4 Generating 2nd, 3rd round sampling

You are reading the work-in-progress Spatial Sampling and Resampling for Machine Learning. This chapter is currently draft version, a peer-review publication is pending. You can find the polished first edition at https://opengeohub.github.io/spatial-sampling-ml/.

4.1 Uncertainty guided sampling

A sensible approach to improving quality of predictions is to: (a) estimate initial ML models, (b) produce a realistic estimate of prediction errors, and (c) revisit area and collect 2nd round samples that help at smallest possible costs significantly improve predictions. Logical focus of the 2nd round sampling could be thus on minimizing the overall prediction errors i.e. revising parts of the study area that shows the highest prediction errors / prediction problems (Fig. 2.7). This is exactly procedure that Stumpf et al. (2017) recommend in their paper and that they refer to as the “Uncertainty guided sampling”.

The 2nd round Uncertainty guided sampling can be implemented either by:

  • Producing a strata based on the prediction error map (e.g. extrapolation areas / areas with highest uncertainty), then sampling only within that strata,
  • Using the probability of exceeding threshold mapping accuracy to generate extra sampling points,

In both cases 2nd round points can be then added to the original training dataset and the model for the area can then be refitted (this procedure in data science is also referred to as “re-analysis”).
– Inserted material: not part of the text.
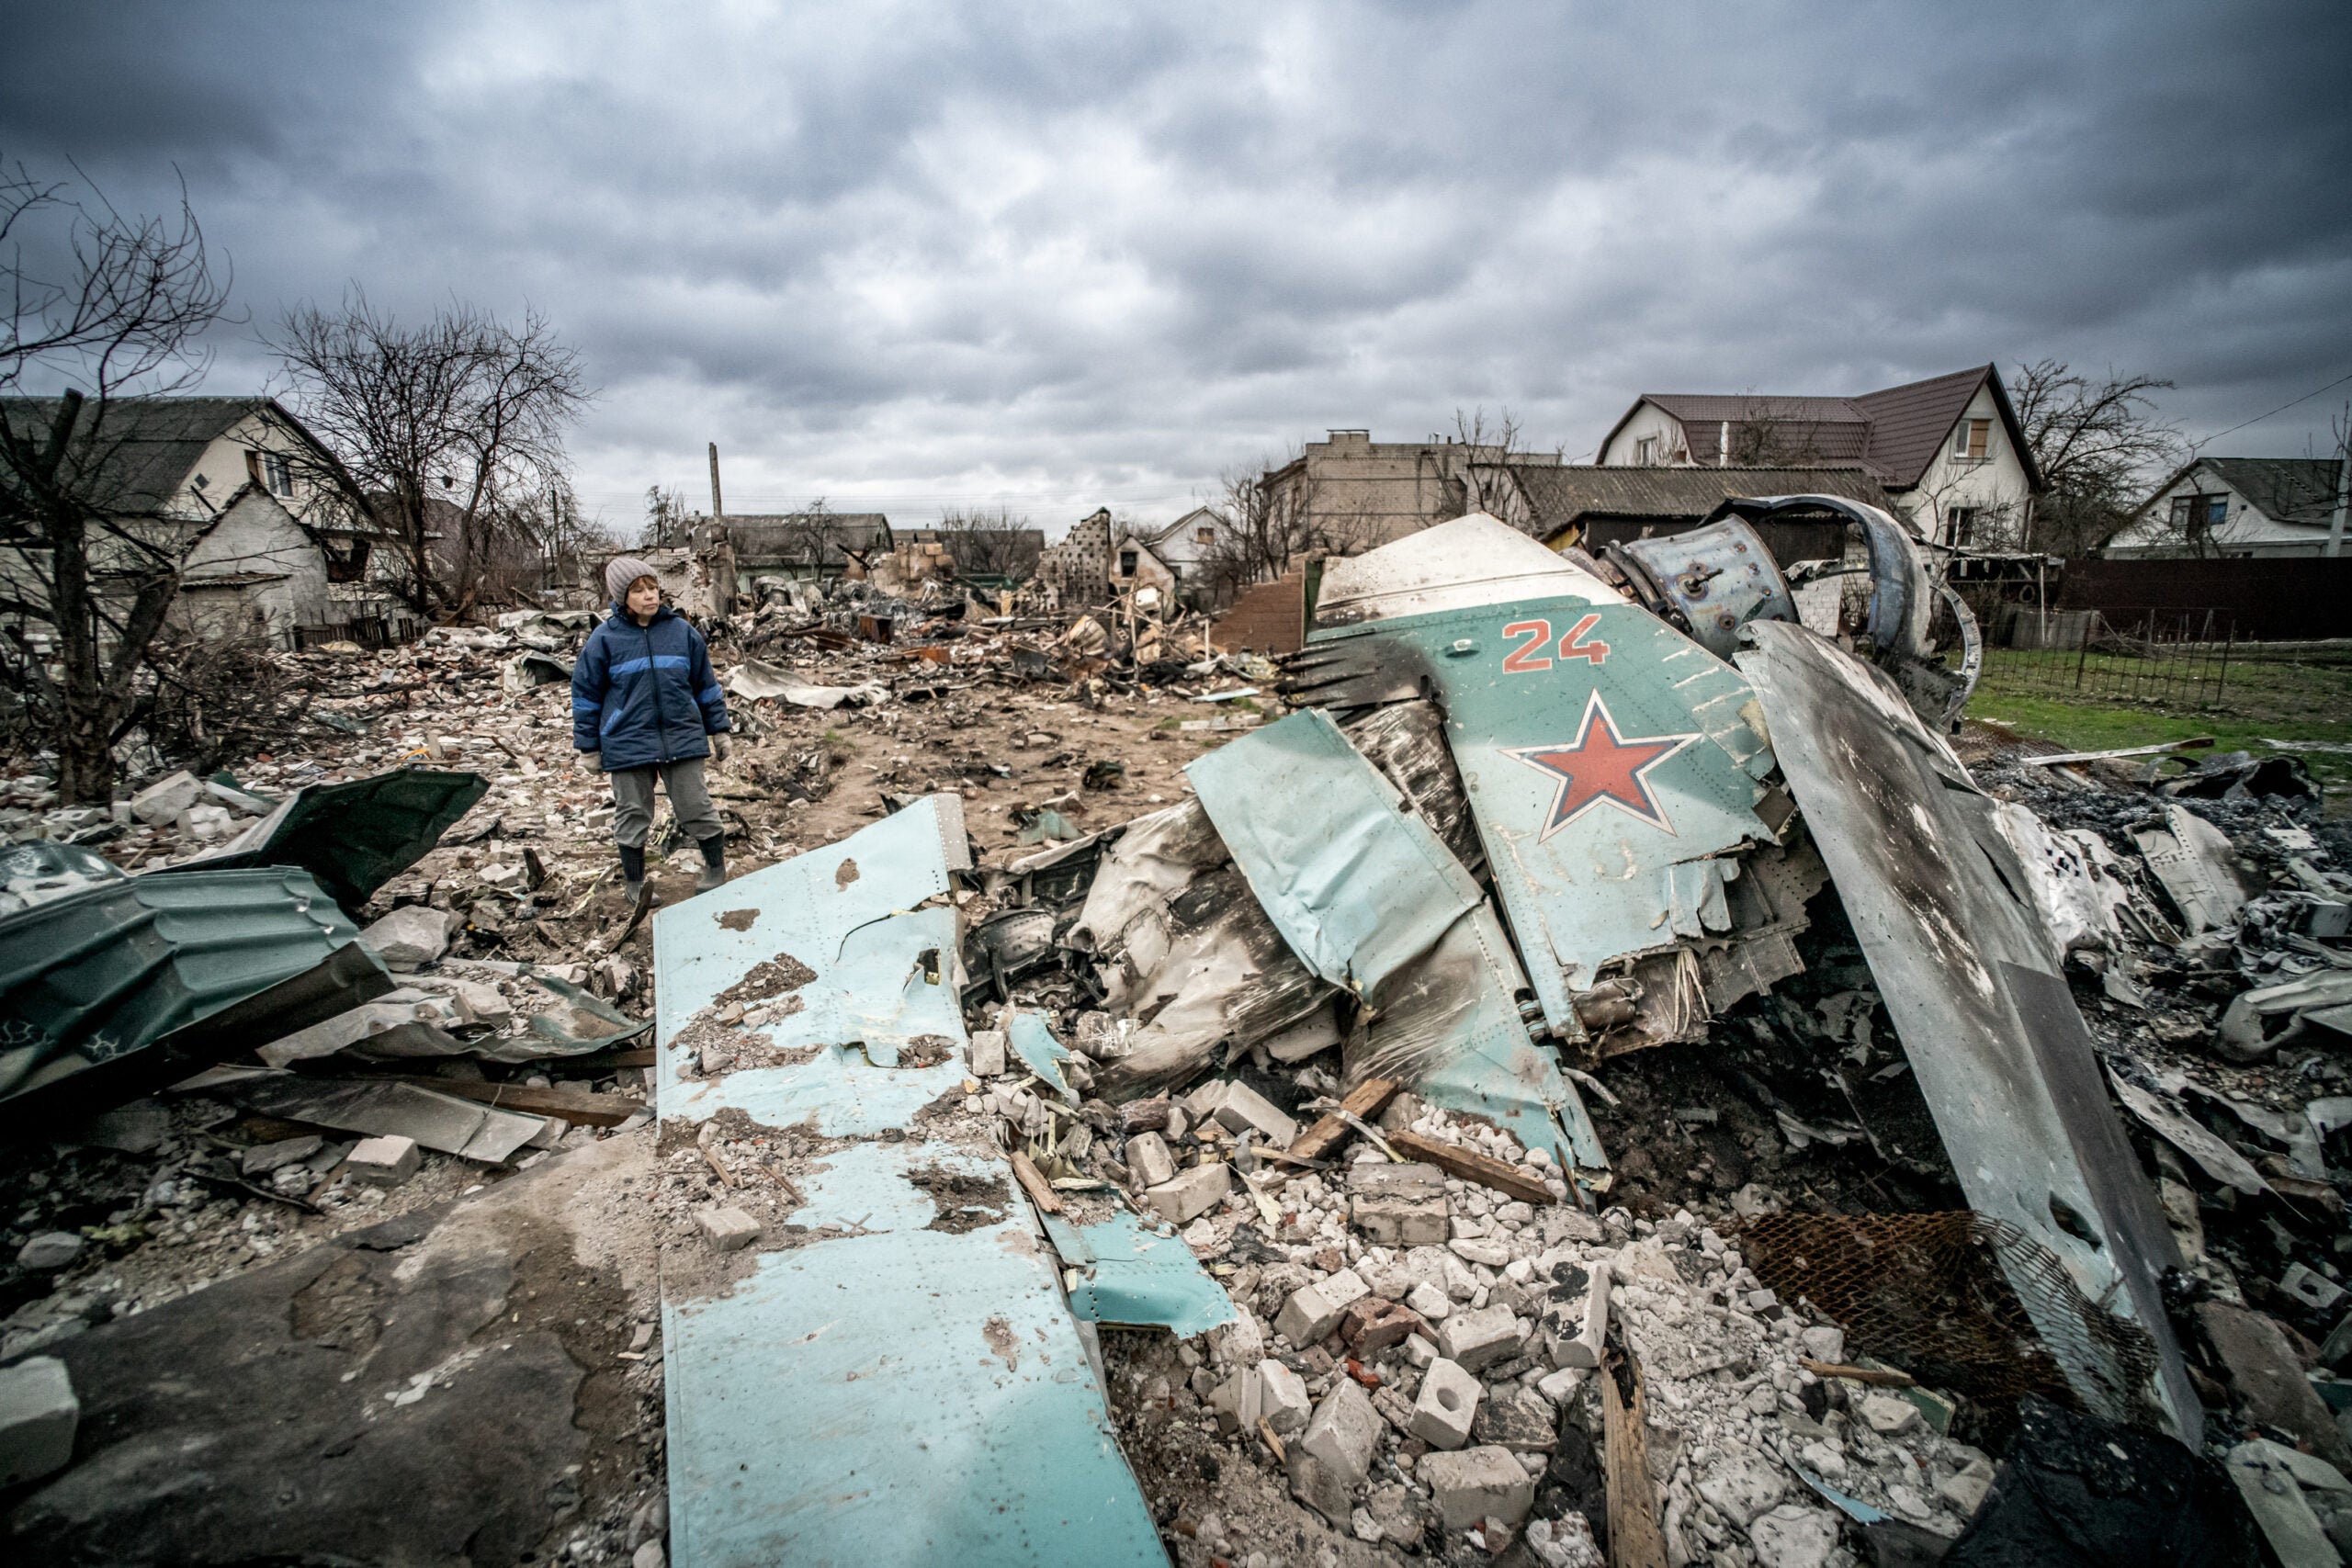 Chernihiv, Kiev Oblast, A Russian Sukhoi Su-34 shot down by Ukrainian anti-aircraft guns crashed in a residential area of __Chernihiv. The pilot, who managed to eject himself, was captured, his navigator killed. (Photo by: Nicola Marfisi/AGF/Universal Images Group via Getty Images)

Assuming that our initial model was unbiased, then even few tens of extra points could lead to significant reduction in RMSPE. In practice, we might have to also organize the 3rd round sampling until we finally reach some maximum possible accuracy (Hengl, Nussbaum, Wright, Heuvelink, & Gräler, 2018).

To generate 2nd round sampling for the Edgeroi dataset we can first estimate probability of prediction errors exceeding some threshold probability e.g. RMSE=0.2. We first load point data and prediction error map produced in the previous example using Ensemble Machine Learning:

data(edgeroi)
edgeroi.sp <- edgeroi$sites
coordinates(edgeroi.sp) <- ~ LONGDA94 + LATGDA94
proj4string(edgeroi.sp) <- CRS("+proj=longlat +ellps=GRS80 +towgs84=0,0,0,0,0,0,0 +no_defs")
edgeroi.sp <- spTransform(edgeroi.sp, CRS("+init=epsg:28355"))

The probability of exceeding some threshold, assuming normal distribution of prediction erros can be derived as:

t.RMSE = 0.2
edgeroi.error = readGDAL("./output/edgeroi_soc_rmspe.tif")
#> ./output/edgeroi_soc_rmspe.tif has GDAL driver GTiff 
#> and has 321 rows and 476 columns
edgeroi.error$inv.prob = 1/(1-2*(pnorm(edgeroi.error$band1/t.RMSE)-0.5)) 

next, we can generate a sampling plan using the spatstat package and the inverse probability of the pixels exceeding threshold uncertainty (f argument):

dens.var <- spatstat.geom::as.im(sp::as.image.SpatialGridDataFrame(edgeroi.error["inv.prob"]))
pnts.new <- spatstat.core::rpoint(50, f=dens.var)

So the new sampling plan, assuming adding only 50 new points would thus look like this:

plot(log1p(raster(edgeroi.error[c("inv.prob")])))
points(edgeroi.sp, pch="+", cex=.8, col="blue")
points(as(pnts.new, "SpatialPoints"), pch=19, cex=0.8, col="black")
Uncertainty guided 2nd round sampling: locations of initial (+) and 2nd round points (dots).

Figure 4.1: Uncertainty guided 2nd round sampling: locations of initial (+) and 2nd round points (dots).

This puts much higher weight at locations where the prediction errors are higher, however, technically speaking we finish still sampling points across the whole study area and, of course, including randomization.

General scheme for re-sampling and re-analysis using uncertainty guided sampling principles.

Figure 4.2: General scheme for re-sampling and re-analysis using uncertainty guided sampling principles.

By adding 2nd, 3rd round sampling we can imagine that the mapping accuracy / RMSE would gradually decrease following a decay function (e.g. RMSE = b0 * x ^ -b1) until some maximum possible accuracy is achieved. This way soil surveyor can optimize the predictions and reduce costs by minimizing number of additional samples i.e. it could be considered the shortest path to increasing the mapping accuracy without a need to start sampling from scratch.